Valle Filippo, Caselle Michele, Osella Matteo
Physics Department, University of Turin and INFN, Via Pietro Giuria 1, 12125 Torino, Italy.
NAR Genom Bioinform. 2025 Apr 22;7(2):lqaf049. doi: 10.1093/nargab/lqaf049. eCollection 2025 Jun.
The availability of high-dimensional transcriptomic datasets is increasing at a tremendous pace, together with the need for suitable computational tools. Clustering and dimensionality reduction methods are popular go-to methods to identify basic structures in these datasets. At the same time, different topic modeling techniques have been developed to organize the deluge of available data of natural language using their latent topical structure. This paper leverages the statistical analogies between text and transcriptomic datasets to compare different topic modeling methods when applied to gene expression data. Specifically, we test their accuracy in the specific task of discovering and reconstructing the tissue structure of the human transcriptome and distinguishing healthy from cancerous tissues. We examine the properties of the latent space recovered by different methods, highlight their differences, and their pros and cons across different tasks. We focus in particular on how different statistical priors can affect the results and their interpretability. Finally, we show that the latent topic space can be a useful low-dimensional embedding space, where a basic neural network classifier can annotate transcriptomic profiles with high accuracy.
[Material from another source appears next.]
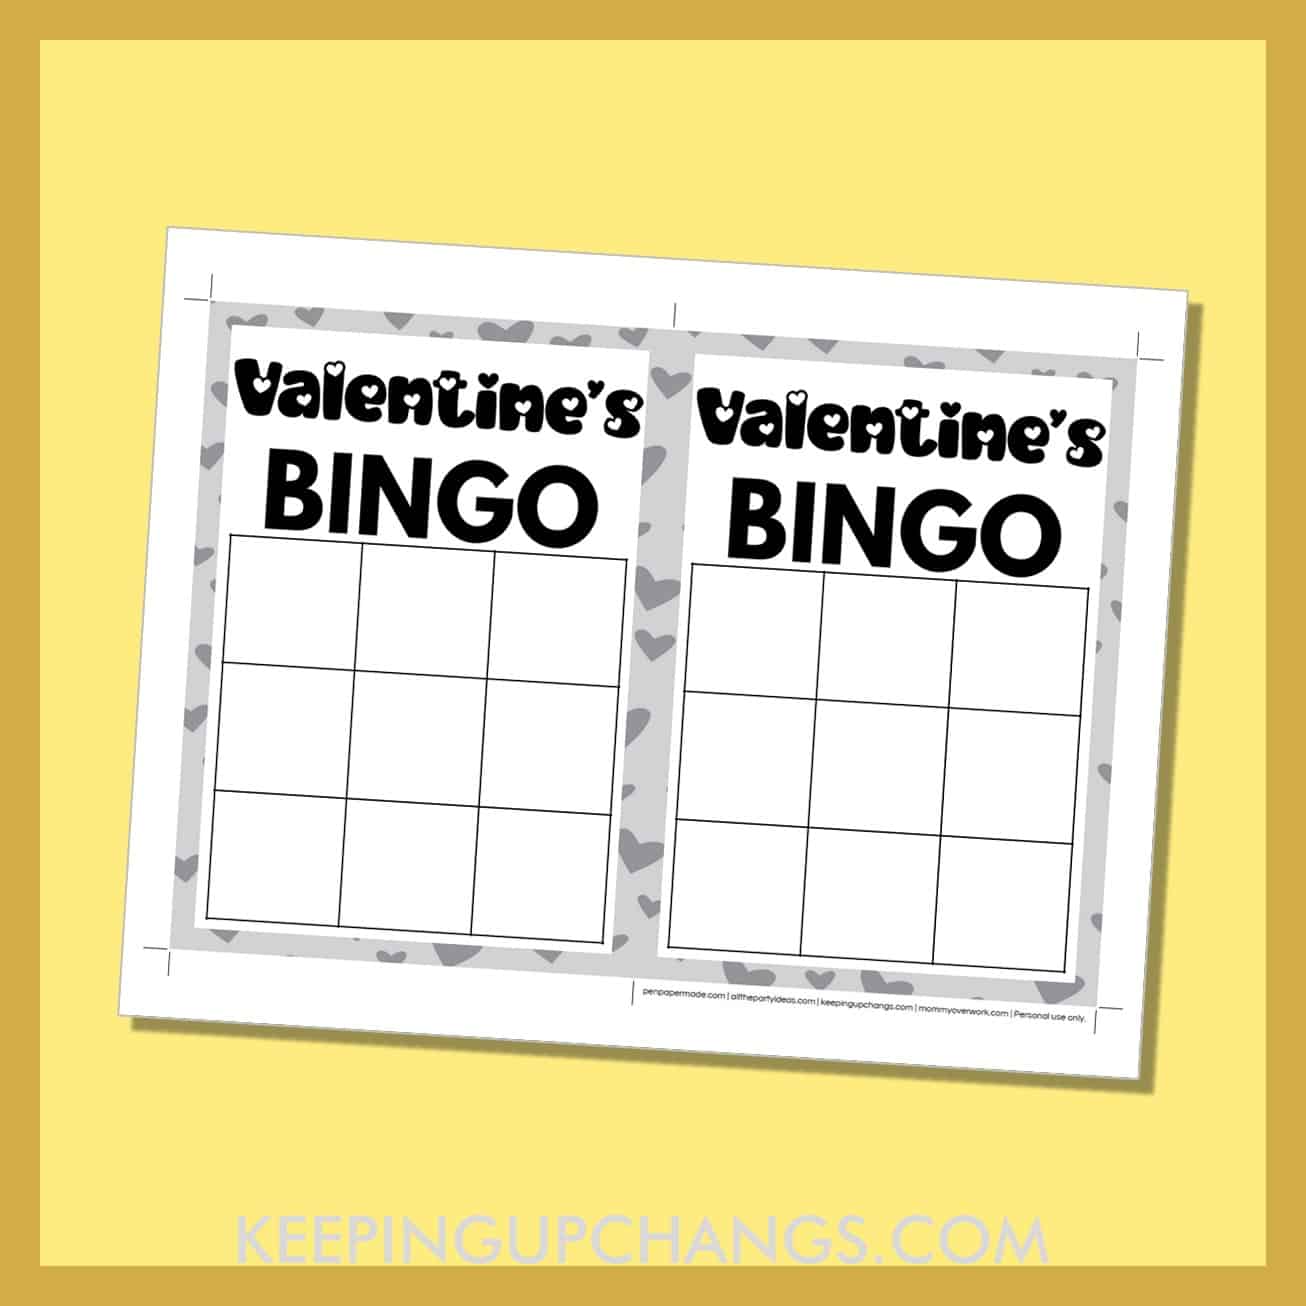 free valentine's day bingo 3x3 grid black white game board blank template.

高维转录组数据集的可用性正以惊人的速度增长,同时对合适的计算工具的需求也在增加。聚类和降维方法是识别这些数据集中基本结构的常用方法。与此同时,已经开发出不同的主题建模技术,以利用其潜在的主题结构来整理自然语言可用数据的洪流。本文利用文本和转录组数据集之间的统计类比,比较应用于基因表达数据时的不同主题建模方法。具体来说,我们测试它们在发现和重建人类转录组组织结构以及区分健康组织和癌组织这一特定任务中的准确性。我们研究不同方法恢复的潜在空间的属性,突出它们的差异以及在不同任务中的优缺点。我们特别关注不同的统计先验如何影响结果及其可解释性。最后,我们表明潜在主题空间可以是一个有用的低维嵌入空间,其中一个基本的神经网络分类器可以高精度地注释转录组谱。